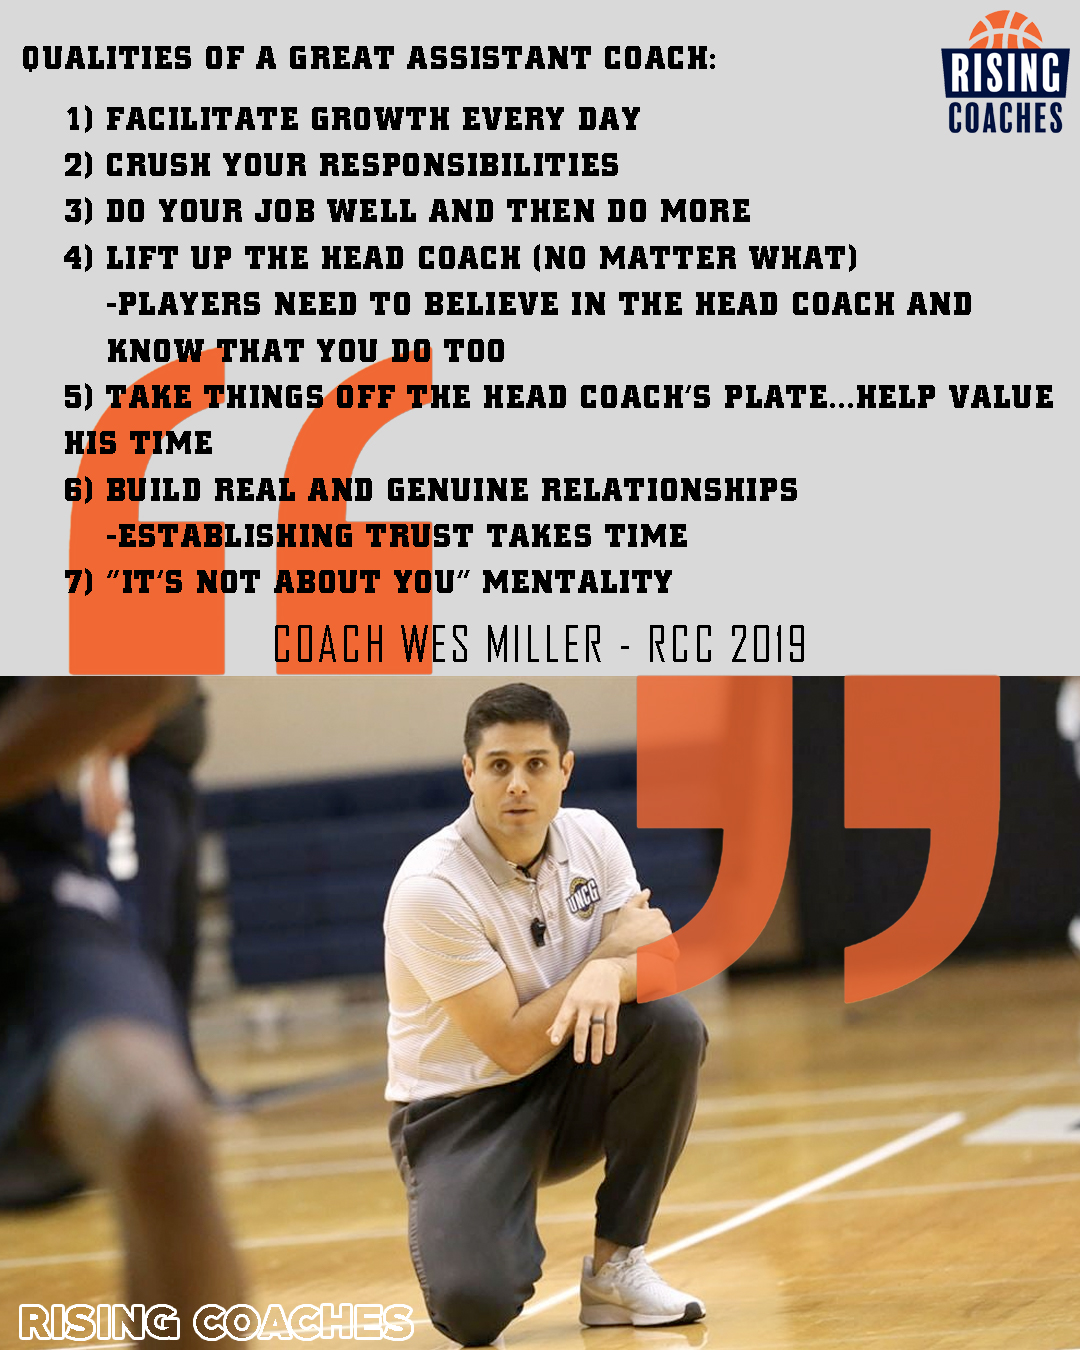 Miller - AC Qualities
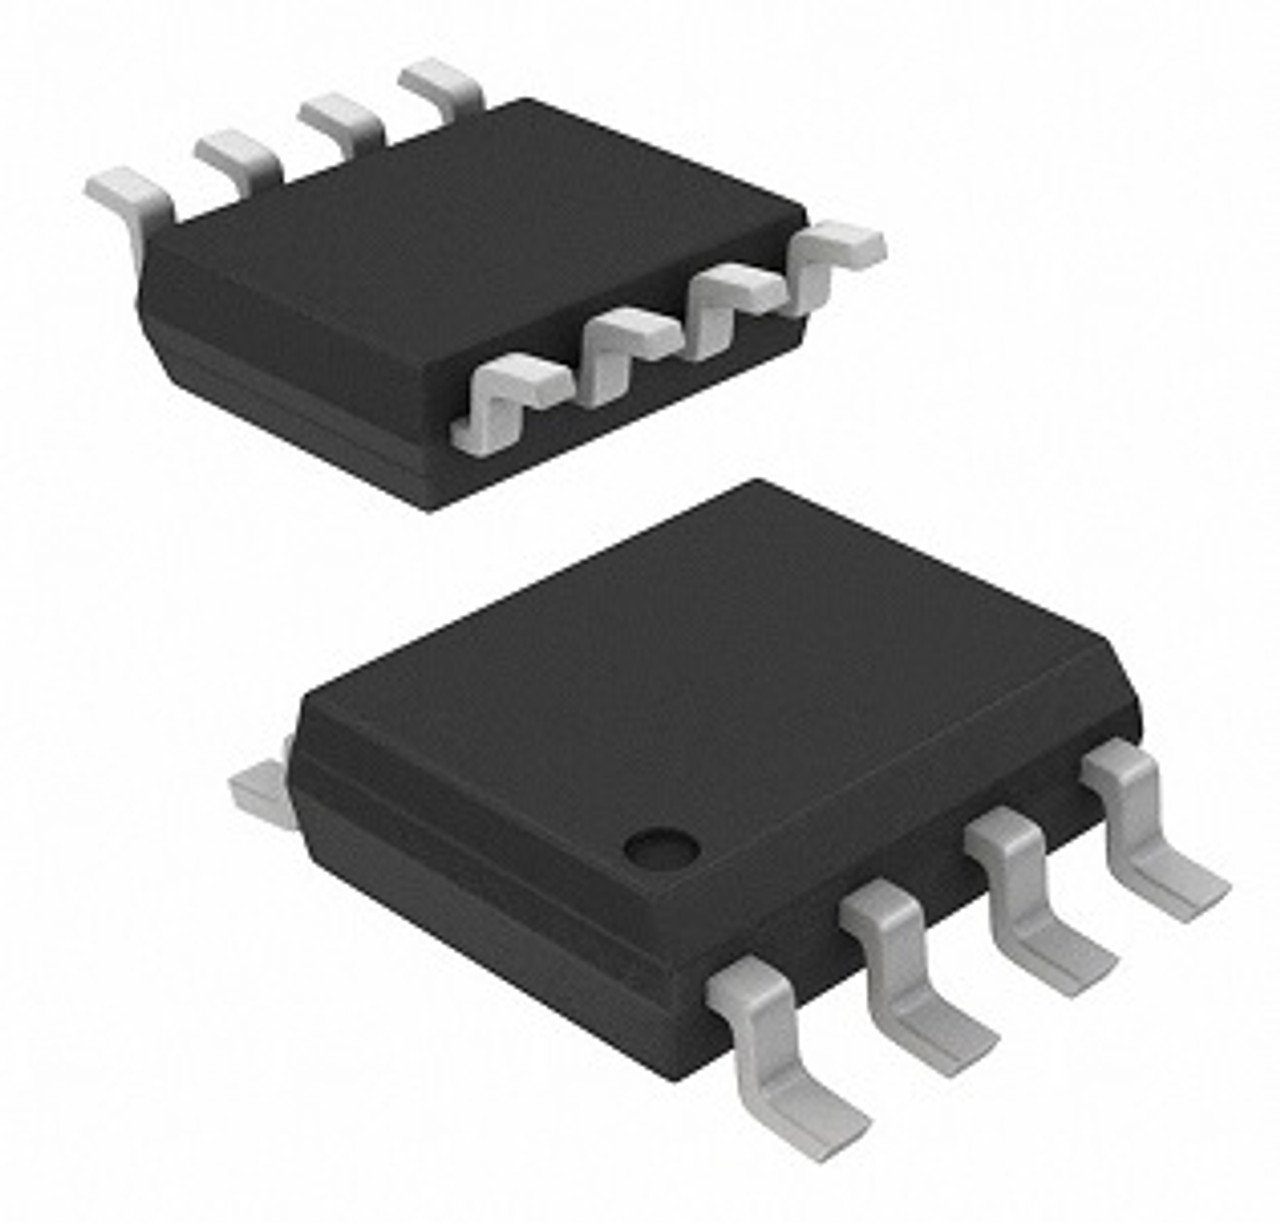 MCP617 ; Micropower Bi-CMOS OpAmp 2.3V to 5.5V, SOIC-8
=======
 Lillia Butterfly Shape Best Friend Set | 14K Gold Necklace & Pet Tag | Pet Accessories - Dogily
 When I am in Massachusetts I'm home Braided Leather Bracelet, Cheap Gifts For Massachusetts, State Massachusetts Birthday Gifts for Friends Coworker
=======
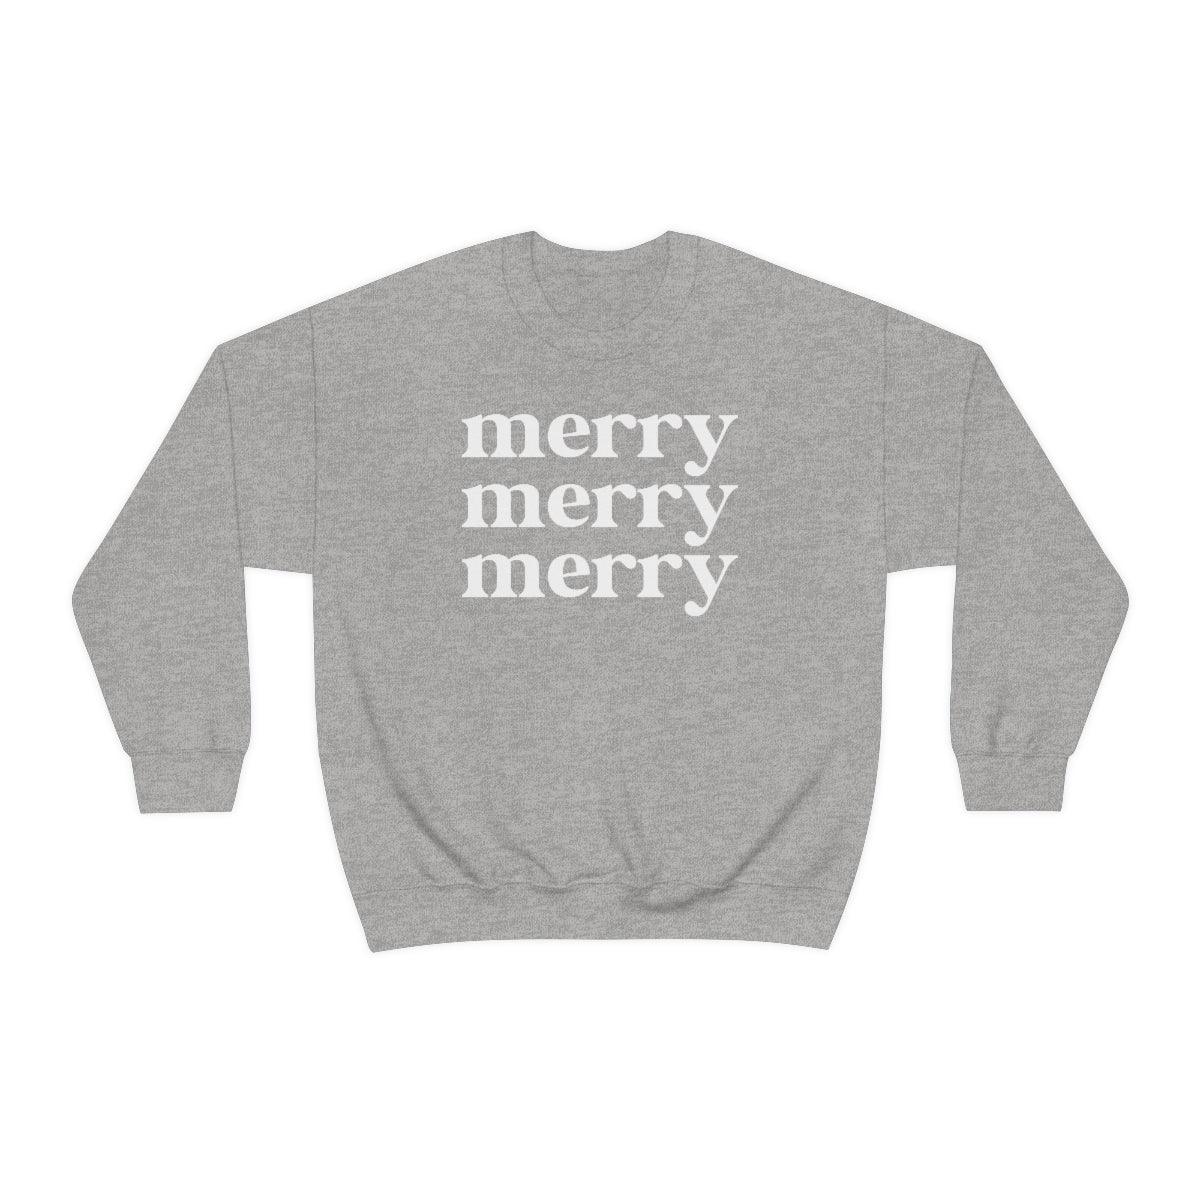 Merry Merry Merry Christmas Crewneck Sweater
=======
An exact copy of the lines above from the one with "Miller - AC Qualities" up to and including the one with "MCP617 ; Micropower" is required; reproduce only those lines, omitting all pictures.

 Miller - AC Qualities
 MCP617 ; Micropower Bi-CMOS OpAmp 2.3V to 5.5V, SOIC-8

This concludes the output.